Management's flat rejection of the percentage-of-the-gross concept, with its fixed-salary scale and incentives, is a switch from its position in '75. The owners wanted a salary scale then, and the union rejected the idea. Free agency was the issue at that time, but now Garvey says it won't work. The bidding wars for Tom Cousineau and Renaldo Nehemiah would seem to indicate otherwise. Garvey says free agency is O.K. for superstars but would mean little to the men in the trenches.

Donlan says a percentage of the gross is unacceptable because it would give the players a say in running the business. This is the party line. Extent of control—or lack of it—is negotiable. The real fear is that the players would cut themselves into a share of any huge TV payoff that lies ahead if the league goes into some form of pay TV (after the current $2 billion TV contract expires following the 1986 season). There have been hints that the league might run its own network on a subscription basis, and the anticipated payoff would make $2 billion look like peanuts. Who wants the players cutting into that? Not the owners.

"Pay TV is still very far down the road," Rozelle says. "As far as our own network goes, there are legal ramifications. You'd be both the product itself and the marketing agent. I don't know if that would be allowed."

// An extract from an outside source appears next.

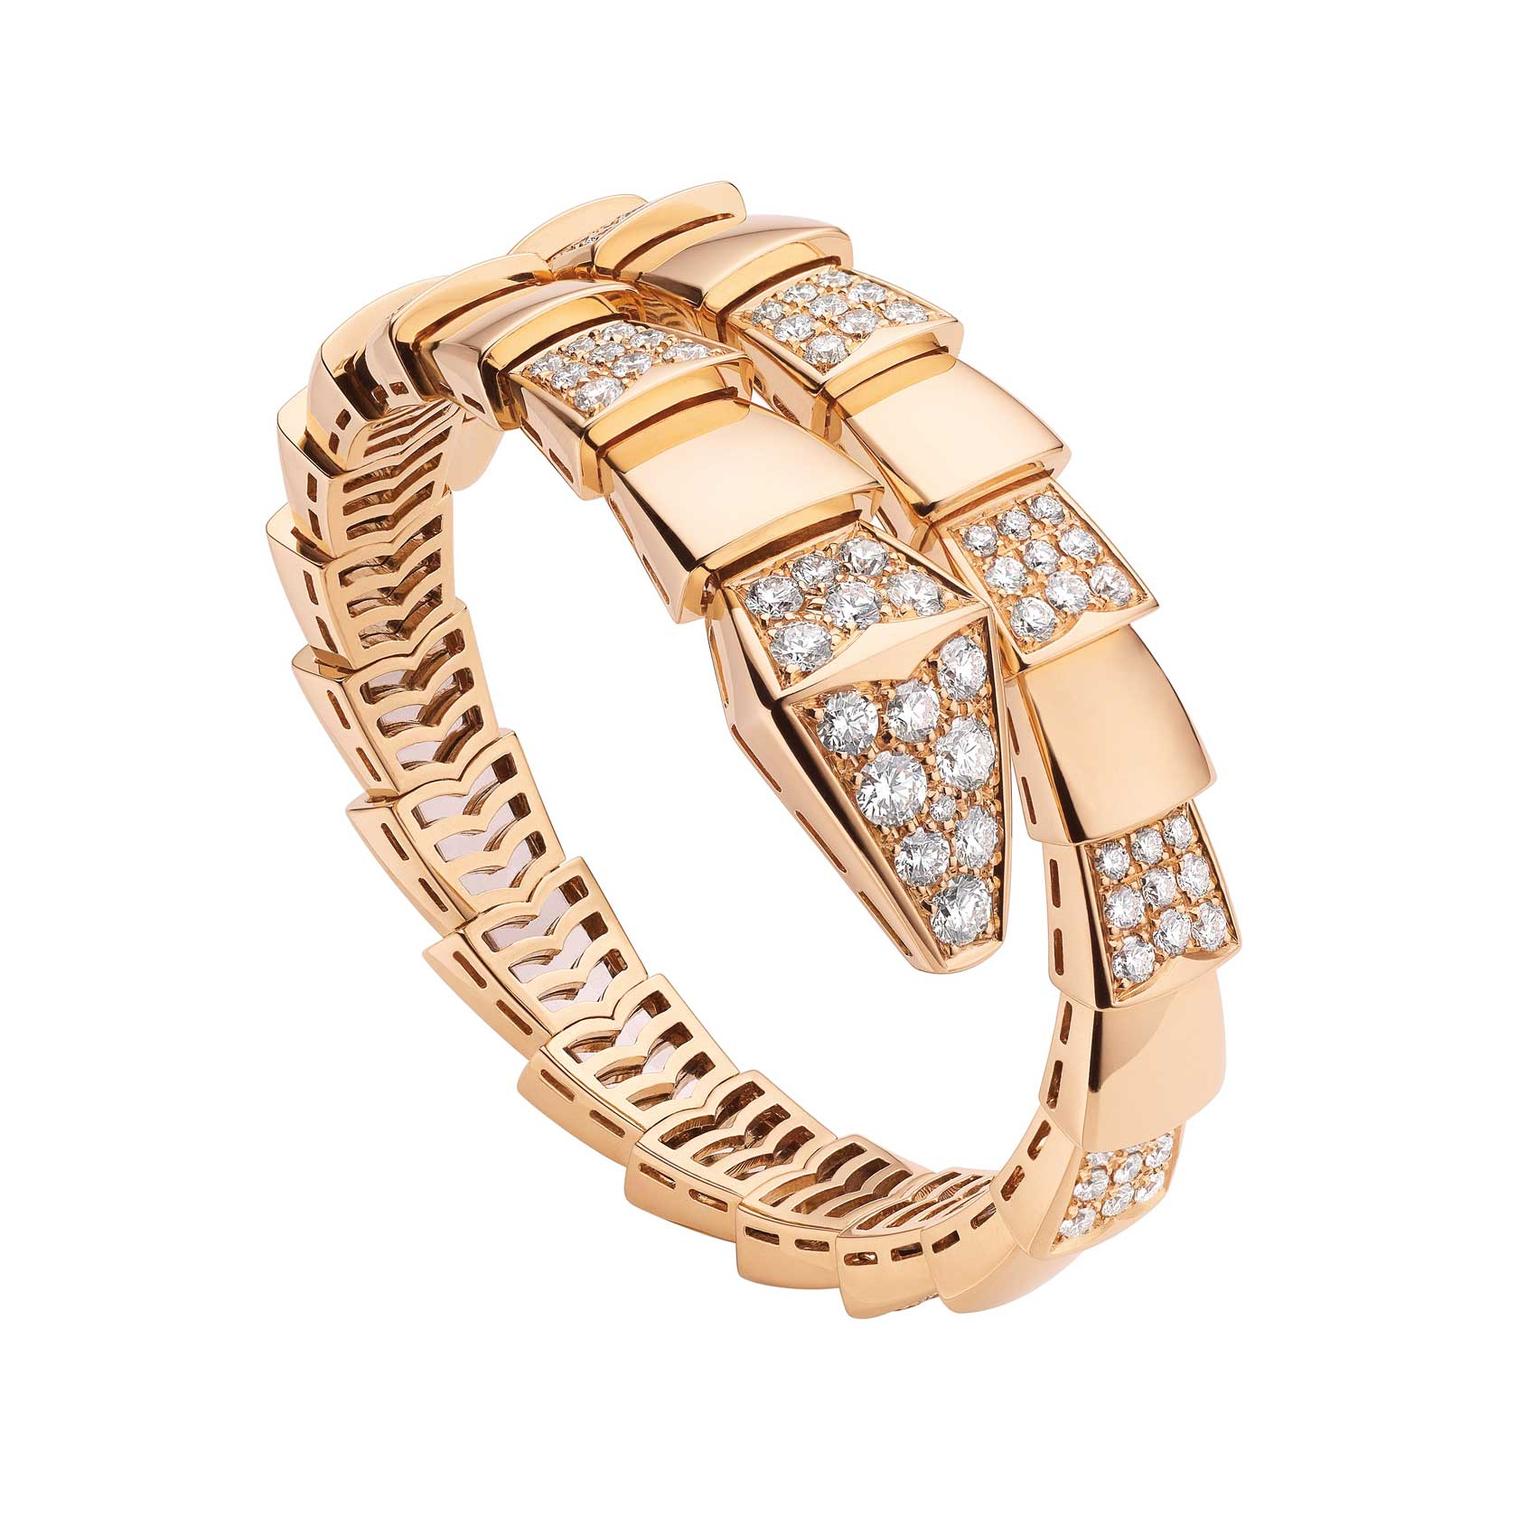 bulgari gold snake bracelet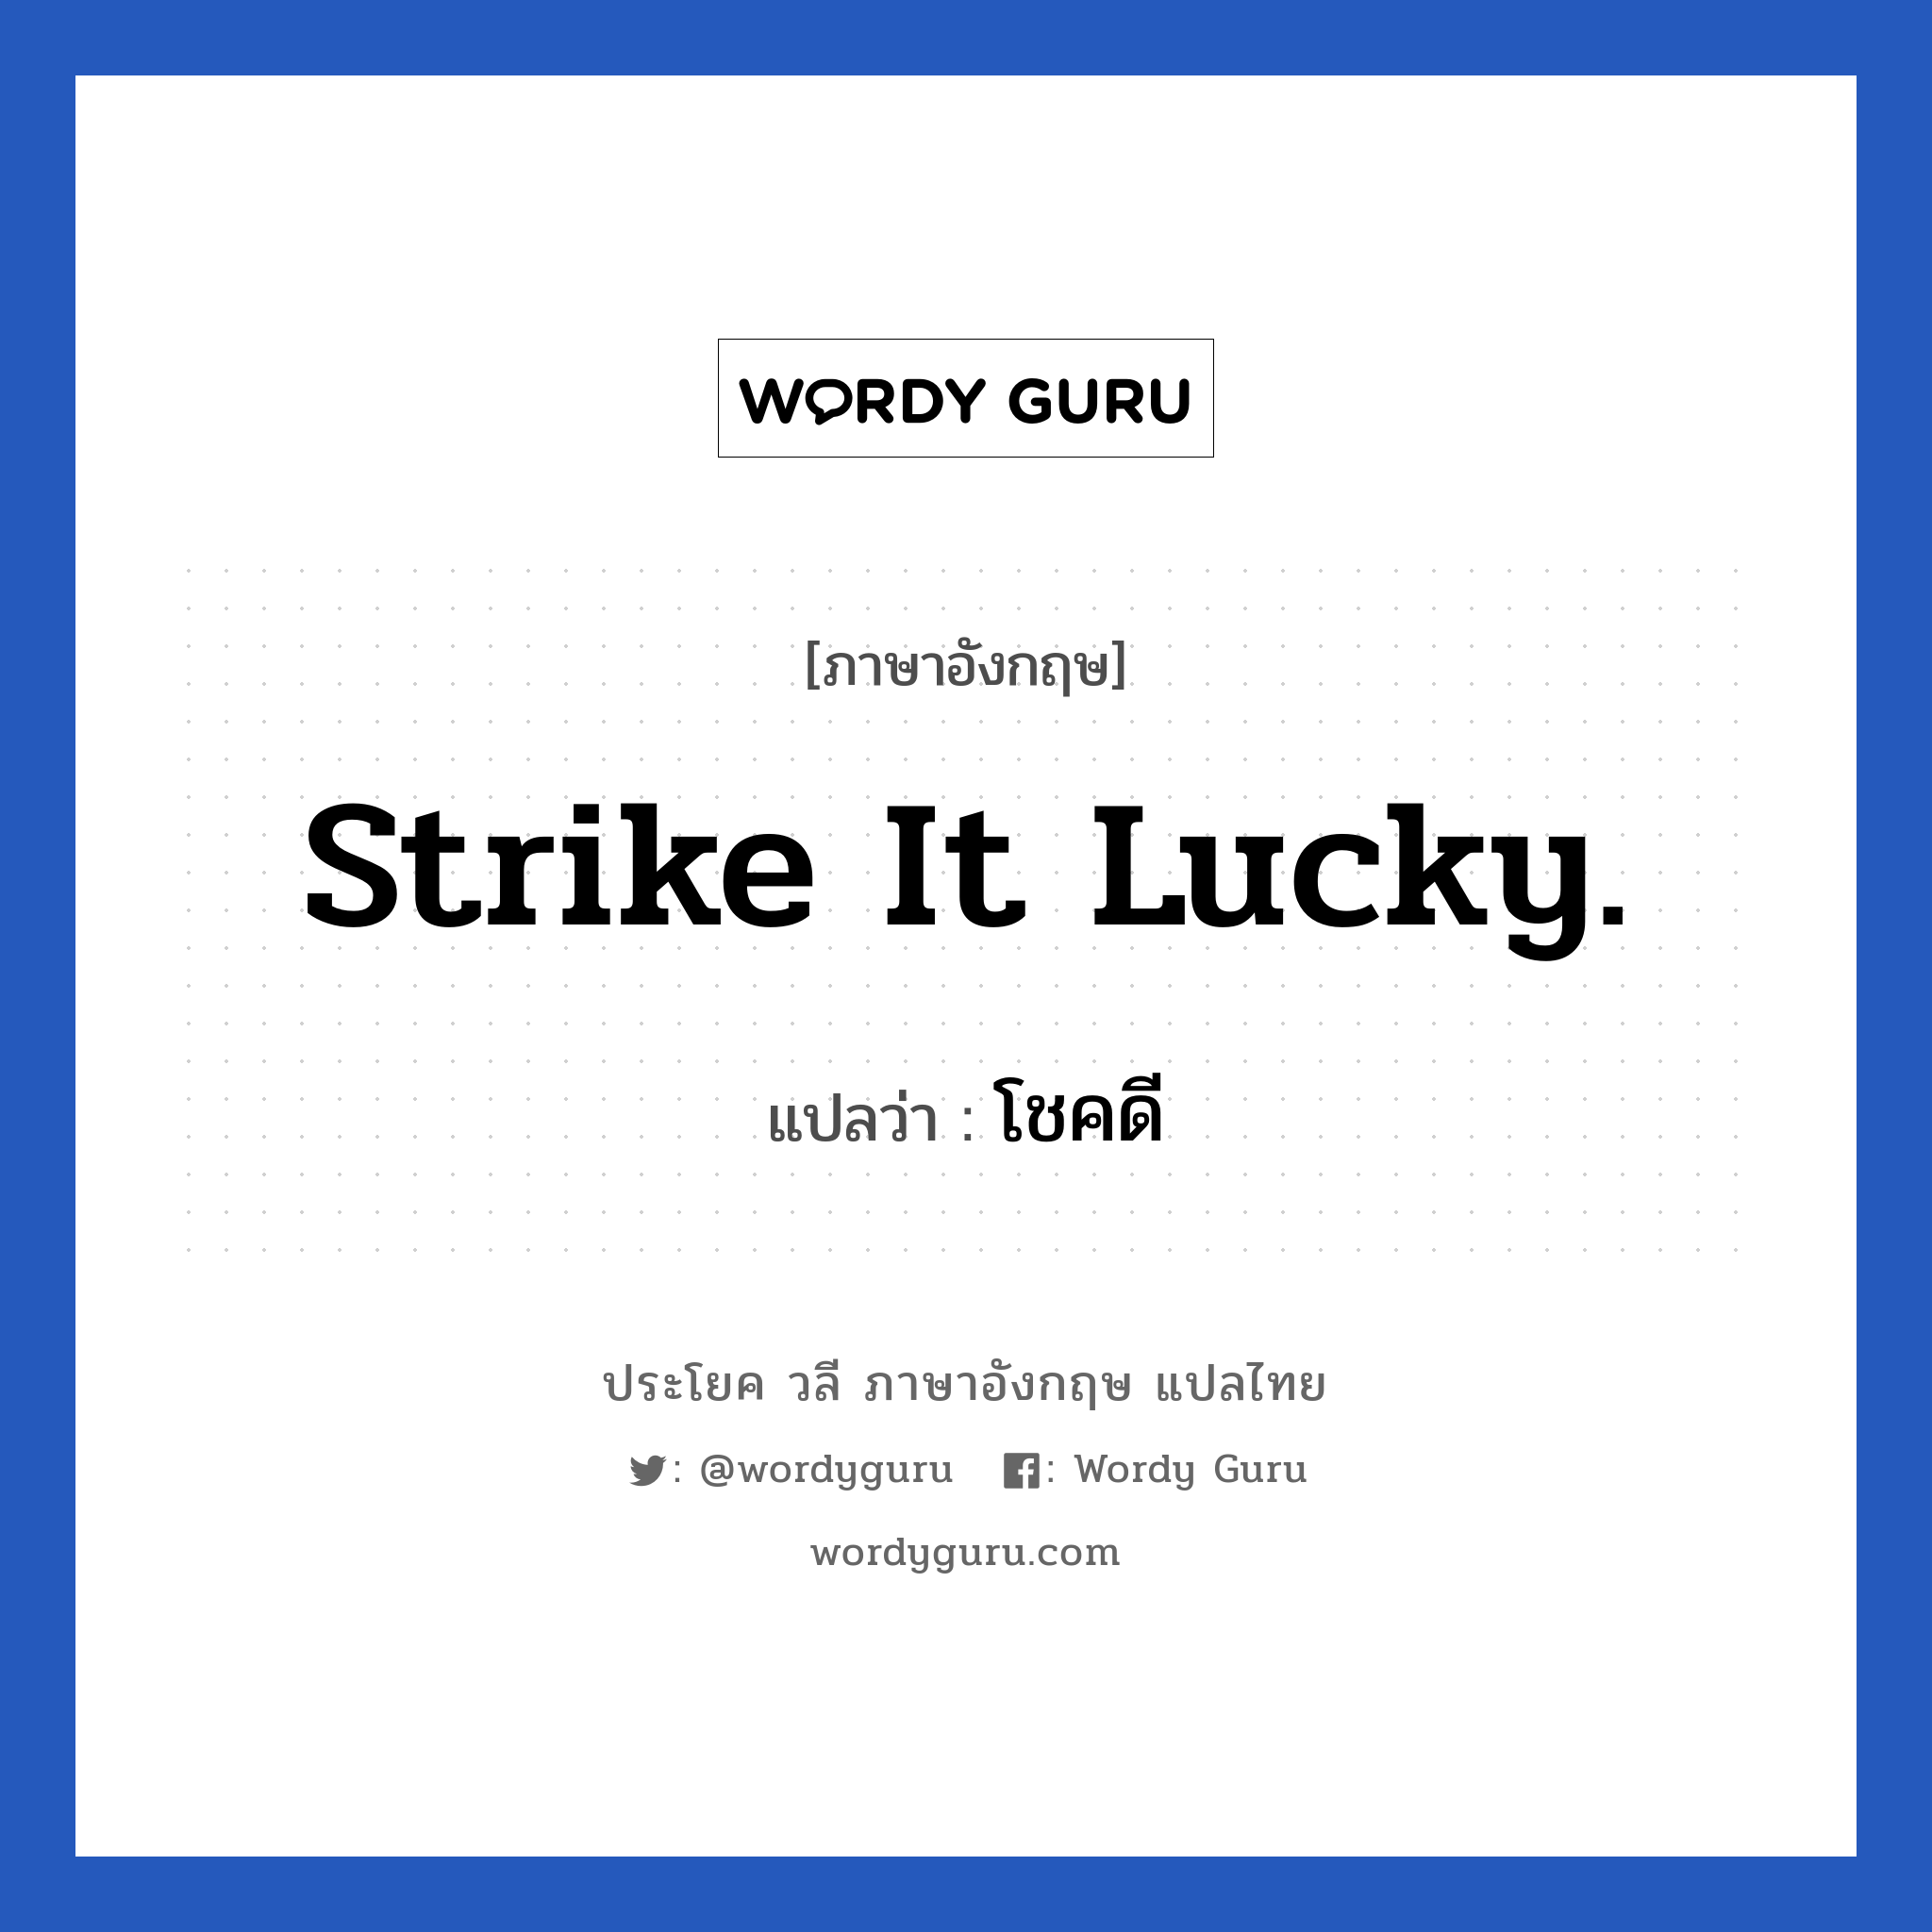 โชคดี ภาษาอังกฤษ?, วลีภาษาอังกฤษ โชคดี แปลว่า Strike it lucky.

Prospects for a quick labor settlement seem bleak. The owners fear free agency. The players won the right to it in court, but they virtually bargained it away in their last contract. If free agency is the players' fallback position now, then it would make sense for management to bite the bullet and go for some variation of the percentage of the gross concept—with a dollar ceiling on what the players could get from future TV deals. Right now the owners aren't faced with that decision. There is no strike. If they read weakness, if the players go out and then their strike collapses, then there will be a pay raise, an increase in benefits, some easing of the compensation rule, and that's all—or possibly no contract at all, as was the case in 1974.

The drug problem is tricky. The Armed Forces have it, so does the entertainment world. "The integrity of the game" has been a league byword for years, but that image suffers if fans suspect that players would do anything to support an expensive drug habit. The league's handling of ugly matters in the past was to hope they would go away. Its investigative forces have been a joke. The inquiry into Ken Stabler's alleged gambling connections dragged on for nearly a year before he was cleared by Rozelle in August. During this past year former Viking Defensive End Carl Eller repeatedly warned the NFL that it had a big cocaine problem, but no one in the league office paid enough attention. Today there's a lot of publicity about it, and the league finally has proposed a solution.

"Right now if a player's got a drug problem and he wants help, he can go to his club and enroll in a detoxification program," Rozelle says. "The club would pay for the program, no matter how expensive it is. We've introduced a combination league drug program, with the help of Leo Zeferetti, a Congressman from Brooklyn and chairman of the House Select Committee on Narcotics Abuse and Control. Clubs will either retain a chemical abuse expert in their city or work with a rehab facility. A player would be encouraged to volunteer for evaluation and possible treatment. No disciplinary action would be taken, and the club would get a roster exemption while he's undergoing treatment.

"A physical examination and urinalysis would be left up to the individual clubs, but could only be done for a reason. It would be on a spot basis, but there'd have to be a cause. Say a player's performance falls off dramatically; he'll be checked. He might have hepatitis or a blood condition. A player who's clean would welcome it."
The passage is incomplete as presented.